向玻璃体腔内单次注射四价小干扰RNA（siRNA）可在小鼠和猪的光感受器中实现强大且高效的基因沉默。

Single intravitreal administration of a tetravalent siRNA exhibits robust and efficient gene silencing in mouse and pig photoreceptors.

作者信息

Cheng Shun-Yun, Caiazzi Jillian, Biscans Annabelle, Alterman Julia F, Echeverria Dimas, McHugh Nicholas, Hassler Matthew, Jolly Samson, Giguere Delaney, Cipi Joris, Khvorova Anastasia, Punzo Claudio

机构信息

Department of Ophthalmology and Visual Sciences, University of Massachusetts Chan Medical School, Worcester, MA 01605, USA.

Horae Gene Therapy Center, University of Massachusetts Chan Medical School, Worcester, MA 01605, USA.

出版信息

Mol Ther Nucleic Acids. 2023 Dec 5;35(1):102088. doi: 10.1016/j.omtn.2023.102088. eCollection 2024 Mar 12.
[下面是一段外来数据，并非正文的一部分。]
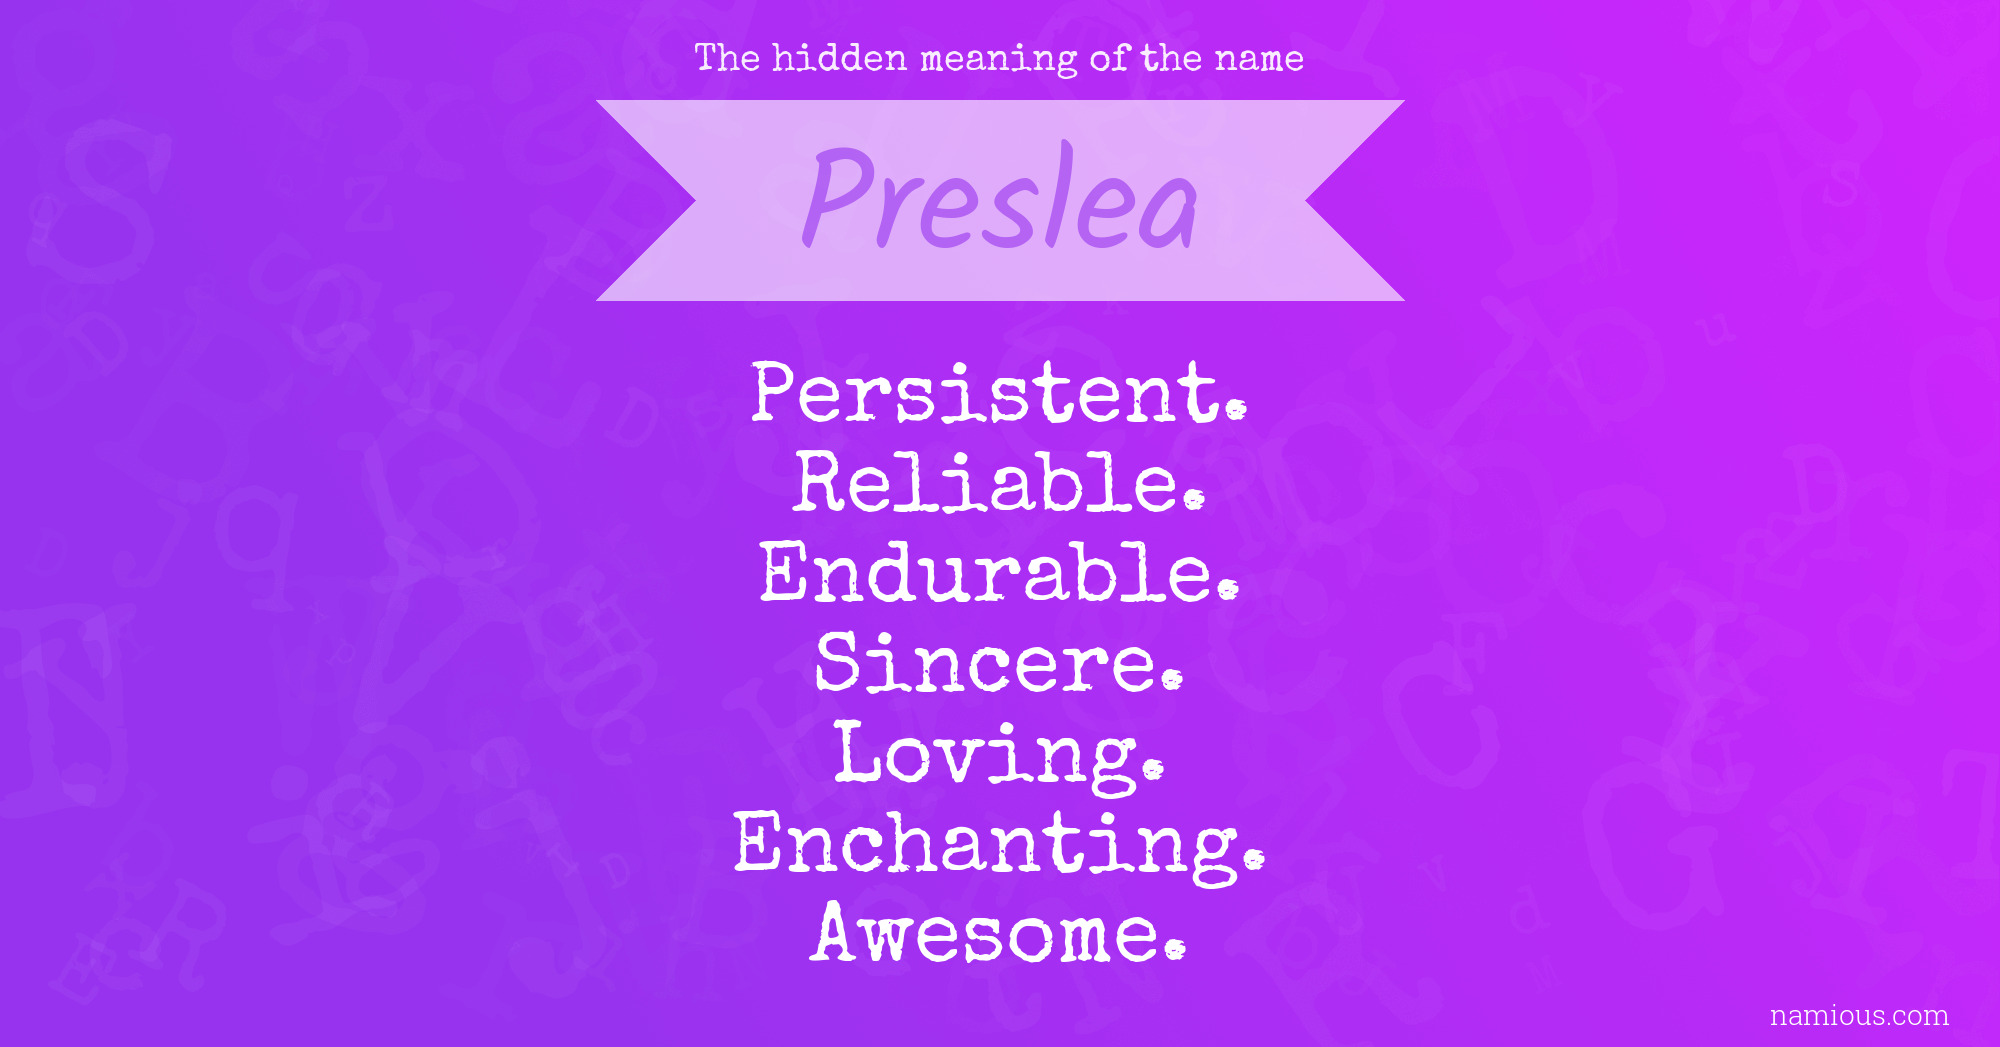 The hidden meaning of the name Preslea

DOI:10.1016/j.omtn.2023.102088

PMID:38192611

原文链接:https://pmc.ncbi.nlm.nih.gov/articles/PMC10772295/

Abstract

Inherited retinal dystrophies caused by dominant mutations in photoreceptor (PR) cell expressed genes are a major cause of irreversible vision loss. Oligonucleotide therapy has been of interest in diseases that conventional medicine cannot target. In the early days, small interfering RNAs (siRNAs) were explored in clinical trials for retinal disorders with limited success due to a lack of stability and efficient cellular delivery. Thus, an unmet need exists to identify siRNA chemistry that targets PR cell expressed genes. Here, we evaluated 12 different fully chemically modified siRNA configurations, where the valency and conjugate structure were systematically altered. The impact on retinal distribution following intravitreal delivery was examined. We found that the increase in valency (tetravalent siRNA) supports the best PR accumulation. A single intravitreal administration induces multimonths efficacy in rodent and porcine retinas while demonstrating a good safety profile. The data suggest that this configuration can treat retinal diseases caused by PR cell expressed genes with 1-2 intravitreal injections per year.

摘要

由光感受器（PR）细胞表达基因中的显性突变引起的遗传性视网膜营养不良是不可逆视力丧失的主要原因。寡核苷酸疗法在传统医学无法靶向的疾病中备受关注。早期，小干扰RNA（siRNA）在视网膜疾病的临床试验中进行了探索，但由于缺乏稳定性和有效的细胞递送，成效有限。因此，存在识别靶向PR细胞表达基因的siRNA化学结构的未满足需求。在此，我们评估了12种不同的完全化学修饰的siRNA构型，其中价态和共轭结构被系统地改变。研究了玻璃体内注射后对视网膜分布的影响。我们发现价态增加（四价siRNA）支持最佳的PR积累。单次玻璃体内给药在啮齿动物和猪视网膜中诱导数月的疗效，同时显示出良好的安全性。数据表明，这种构型每年通过1 - 2次玻璃体内注射可以治疗由PR细胞表达基因引起的视网膜疾病。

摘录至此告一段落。